Bug #5637
closedOSD crash upon pool creation
Added by Andrey Korolyov almost 11 years ago. Updated almost 11 years ago.
0%
Description
db2bb270e93ed44f9252d65d1d4c9b36875d0ea5 introduces some deadly behavior - every osd in the cluster crashing with SIGABRT, sample traces are attached.
Files
poolcreate.txt.gz (6.69 KB) poolcreate.txt.gz | Andrey Korolyov, 07/15/2013 03:24 PM | ||
poolcreate2.txt.gz (6.6 KB) poolcreate2.txt.gz | Andrey Korolyov, 07/15/2013 03:24 PM | ||
createpool-osd-log.txt.gz (771 KB) createpool-osd-log.txt.gz | Andrey Korolyov, 07/16/2013 01:47 AM |
Updated by Sage Weil almost 11 years ago
the osd log a fewlines up should tell us what the error was that it got back from the fs. can you attach the last few hundreds lines of that log (or the whole thing)?
Updated by Andrey Korolyov almost 11 years ago
Here you go, log was truncated before pool creation to avoid excessive gzip attachment.
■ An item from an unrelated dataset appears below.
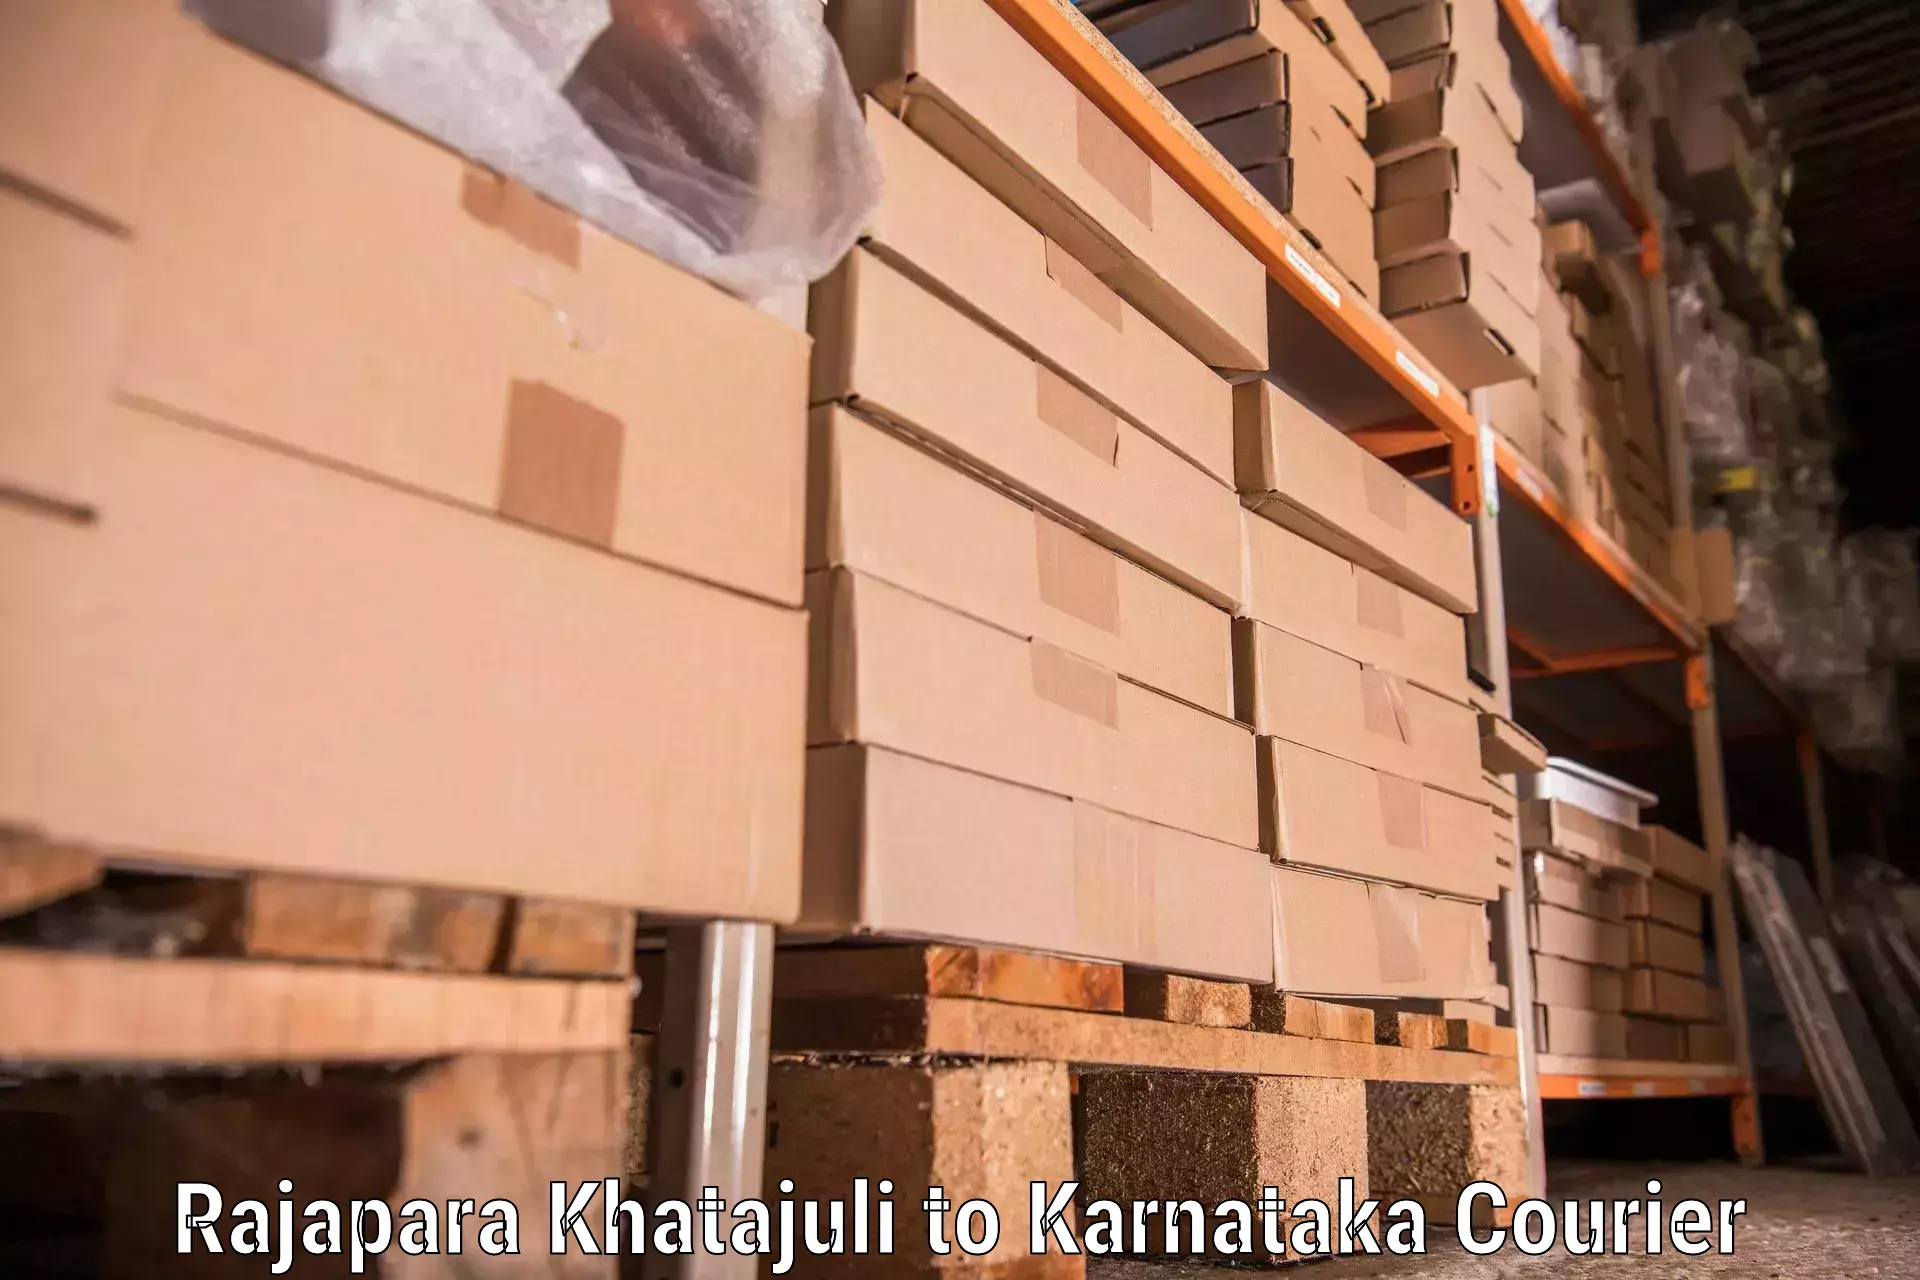 Furniture moving assistance Rajapara Khatajuli to Manipal
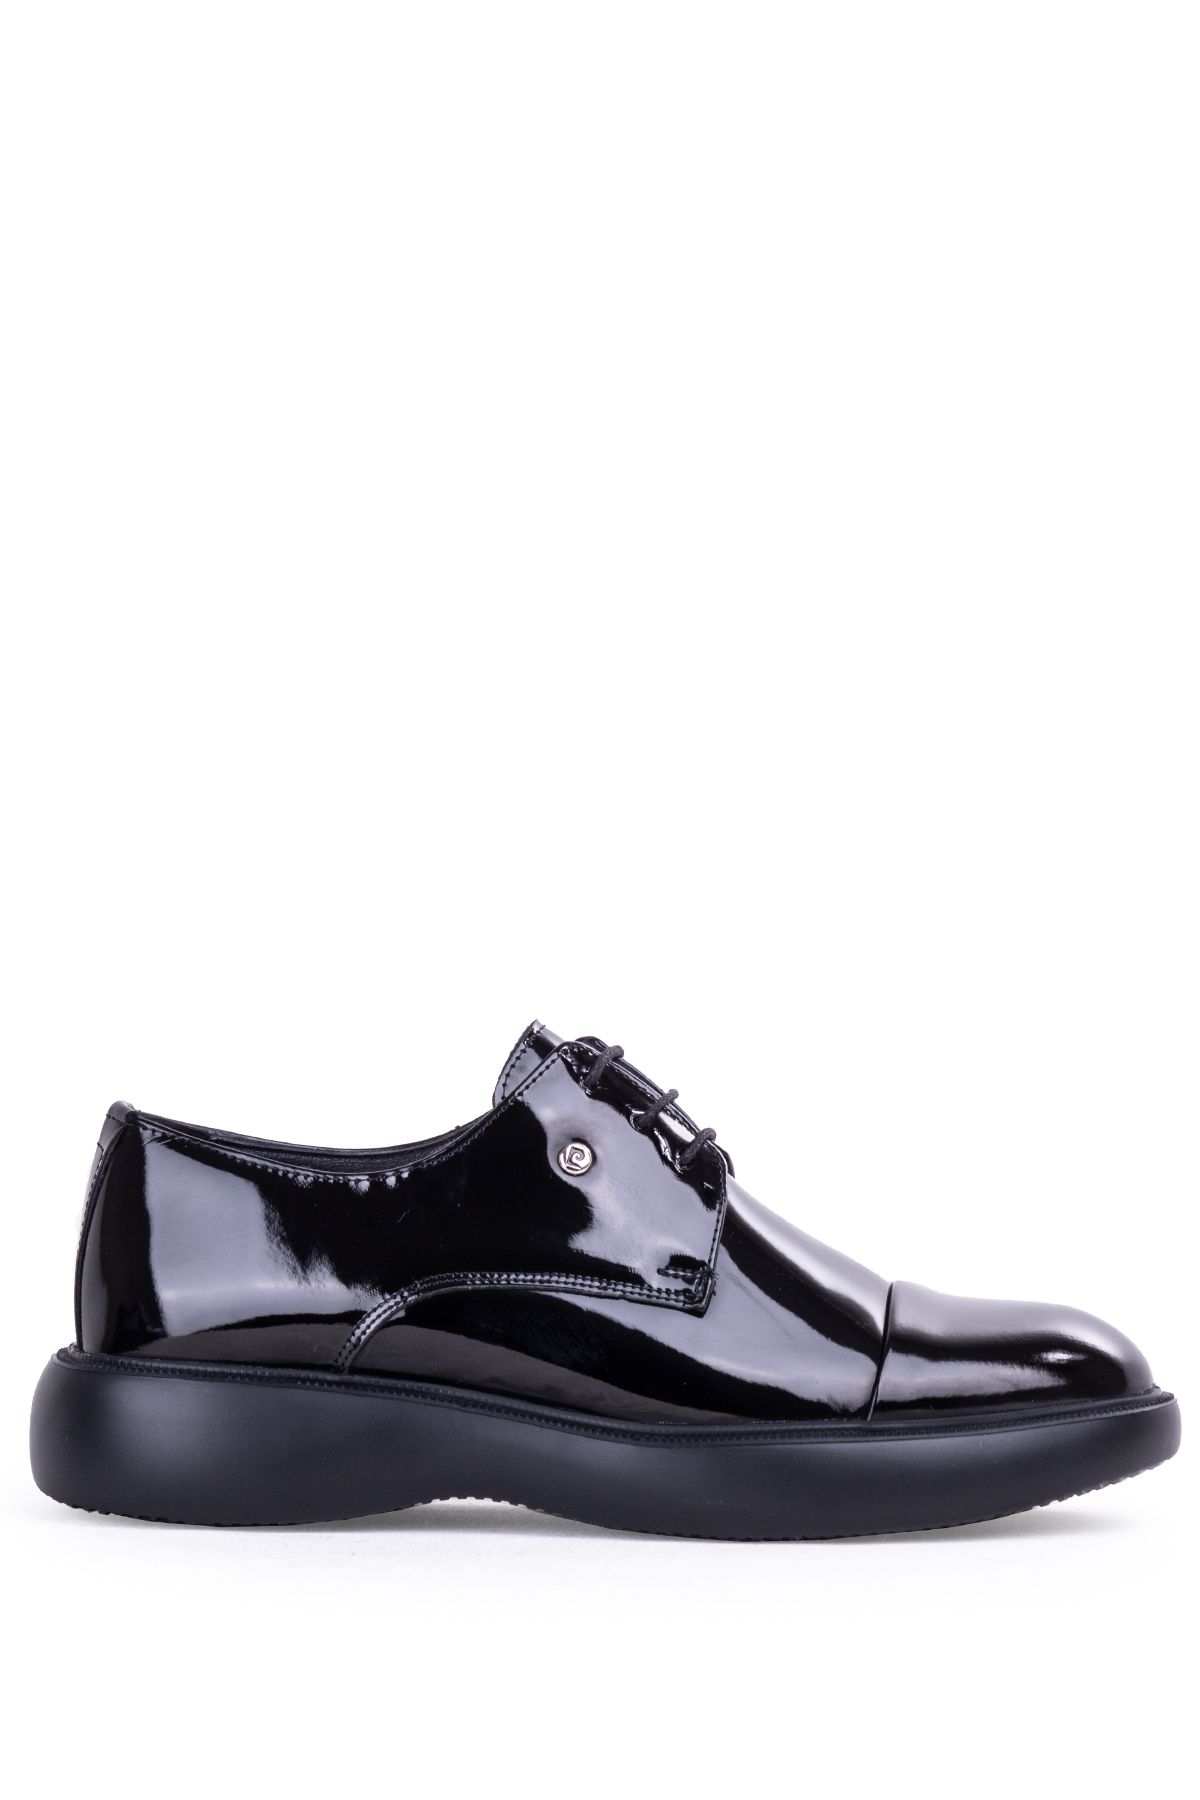 Pierre Cardin Erkek Damat Ayakkabısı Bohça Ayakkabısı Erkek Takım Elbise Ayakkabısı Klasik Erkek Aya

Updated by Sage Weil almost 11 years ago
actually, no:
-5> 2013-07-16 12:43:08.632339 7ffe2d5a9700 15 filestore(/var/lib/ceph/osd/5) create_collection /var/lib/ceph/osd/5/current/7.0_head -4> 2013-07-16 12:43:08.632359 7ffe2d5a9700 10 filestore(/var/lib/ceph/osd/5) create_collection /var/lib/ceph/osd/5/current/7.0_head = -17 -3> 2013-07-16 12:43:08.632362 7ffe2d5a9700 0 filestore(/var/lib/ceph/osd/5) error (17) File exists not handled on operation 20 (6778010.0.1, or op 1, counting from 0) -2> 2013-07-16 12:43:08.632378 7ffe2d5a9700 0 filestore(/var/lib/ceph/osd/5) unexpected error code -1> 2013-07-16 12:43:08.632380 7ffe2d5a9700 0 filestore(/var/lib/ceph/osd/5) transaction dump: { "ops": [ { "op_num": 0, "op_name": "mkcoll", "collection": "7.0_head"}, { "op_num": 1, "op_name": "mkcoll", "collection": "7.0_head"}, { "op_num": 2, "op_name": "collection_setattr", "collection": "7.0_head", "name": "info", "length": 1},
the mkcoll is in there twice.
Updated by Sage Weil almost 11 years ago
- Status changed from Duplicate to 12
- Priority changed from High to Urgent
Updated by Sage Weil almost 11 years ago
Andrey, what version is the osd running? the sha1 in the log (43c453982c37a55defc5d9ffcfd8cf8a60755f24) is not in ceph.git
Updated by Andrey Korolyov almost 11 years ago
Please excuse me, I am horribly wrong - we`re using our own patch which is affecting collections too and it was a general cause for the current problem. By the way, may I ask to add some work with collection seperation via config tunable in the git? Same question was about a year ago and nobody implemented this yet in the mainline.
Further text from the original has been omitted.